Given the mismatch (caused by various mutations) in some polymorphisms on the same branch (Novick & Fuselier, 2019), phylogenetic-tree analysis showed genetic diversity for the HSP70 gene in local Iraqi goats. The genetic distance was 0.0035 (Figure 2), indicating that it showed a strong affinity with the reference gene. This finding confirmed the aforementioned result about this gene being highly conserved. All polymorphisms of the current study showed differences in protein structure, indicating differences in the performance of these proteins (Simoncini & Zhang, 2019). Indeed, Rodrigues et al. (2018) and Chen et al. (2020) agreed that changes in protein structure can affect protein function.

According to Sodhi et al. (2013) and based on the genetic variations in Iraqi goats, the polymorphism in the HSP70 gene-coding region impacts goats' ability to tolerate stress (Afsal et al., 2021; Mohalik et al., 2021). Therefore, animals more tolerant to different forms of stress including heat stress can be selected based on variations in the polymorphisms of HSP70 genes as molecular biomarker (Abbas et al., 2020; Kumar et al., 2015).

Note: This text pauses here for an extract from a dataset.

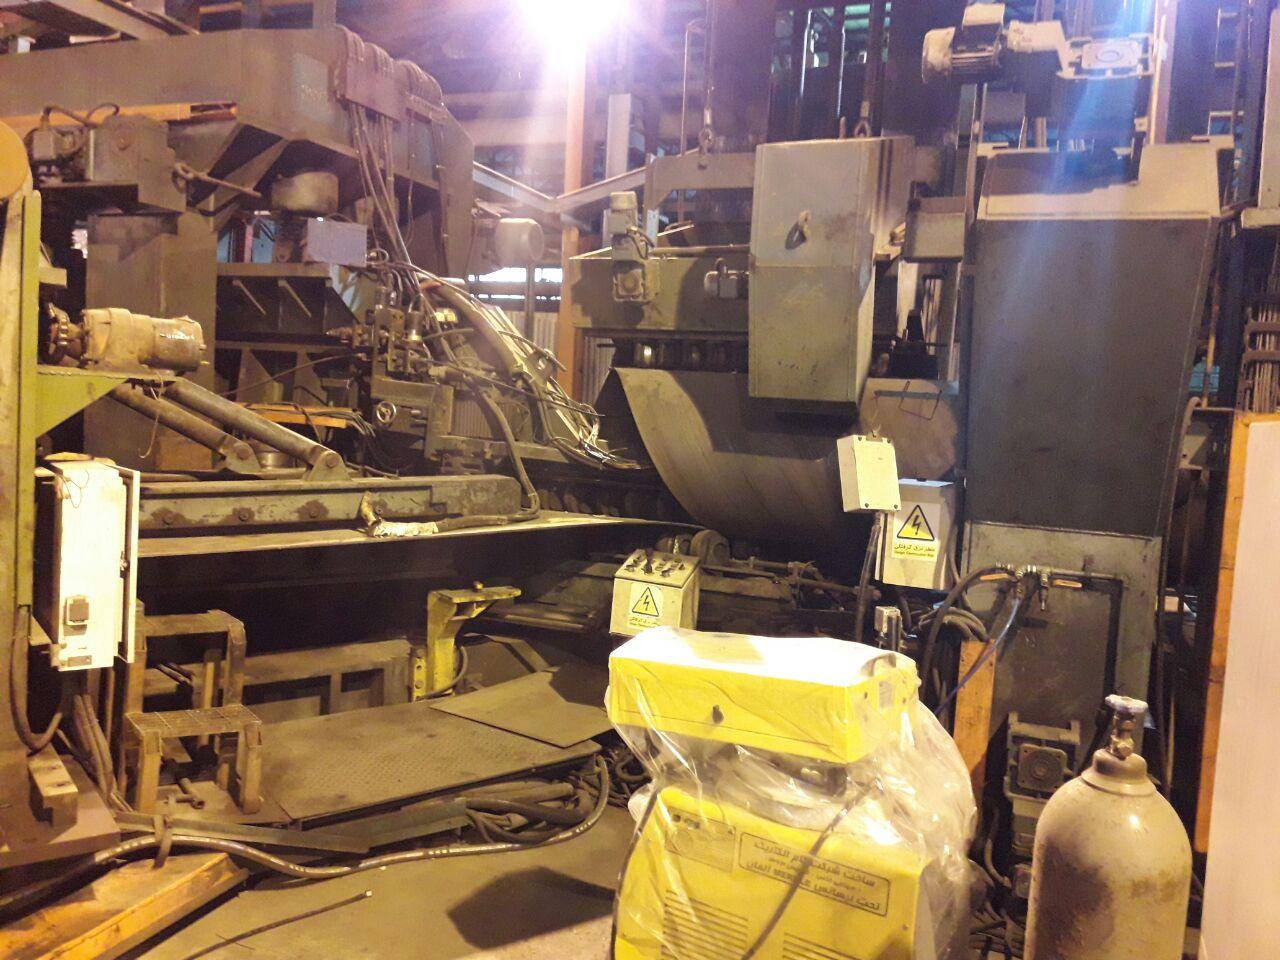 IMG 20200502 063813 324 شرکت لولهسازی اهواز در سال جهش تولید ظرفیت همکاری با صنایع را افزایش داد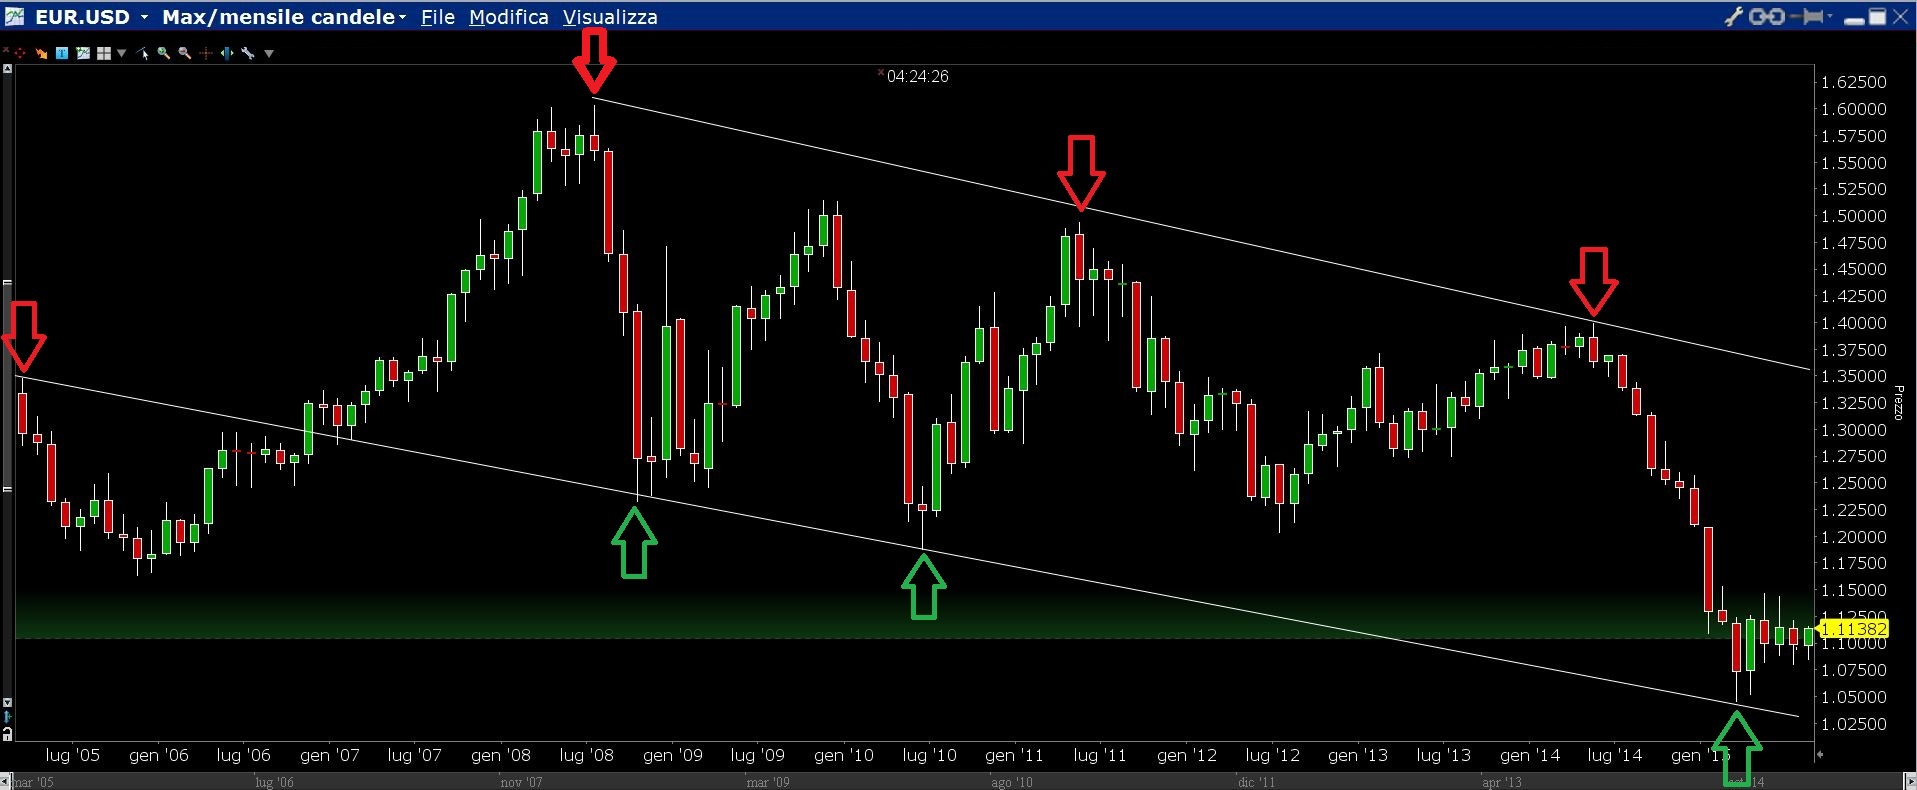 Forex trading journal blog

Overall, these results may contribute to explaining the apparent variations in production of the local Iraqi goat breed (Juma & Alkass, 2005) because of mutations in the HSP70 gene. These mutations may contribute to an increase in the susceptibility of animals to resistance under various stress conditions (Rong et al., 2019), in agreement with Singh et al. (2020) that mutations can result in SNPs either resistant or susceptible to heat stress.

Conclusion

We determined whether the presence of specific genetic differences within the HSP70 gene in Iraqi goats contributed to the selection of animals more suitable for different stress situations. The role of this gene in the development of different physiological and reproductive characteristics needs to be further explored in detail.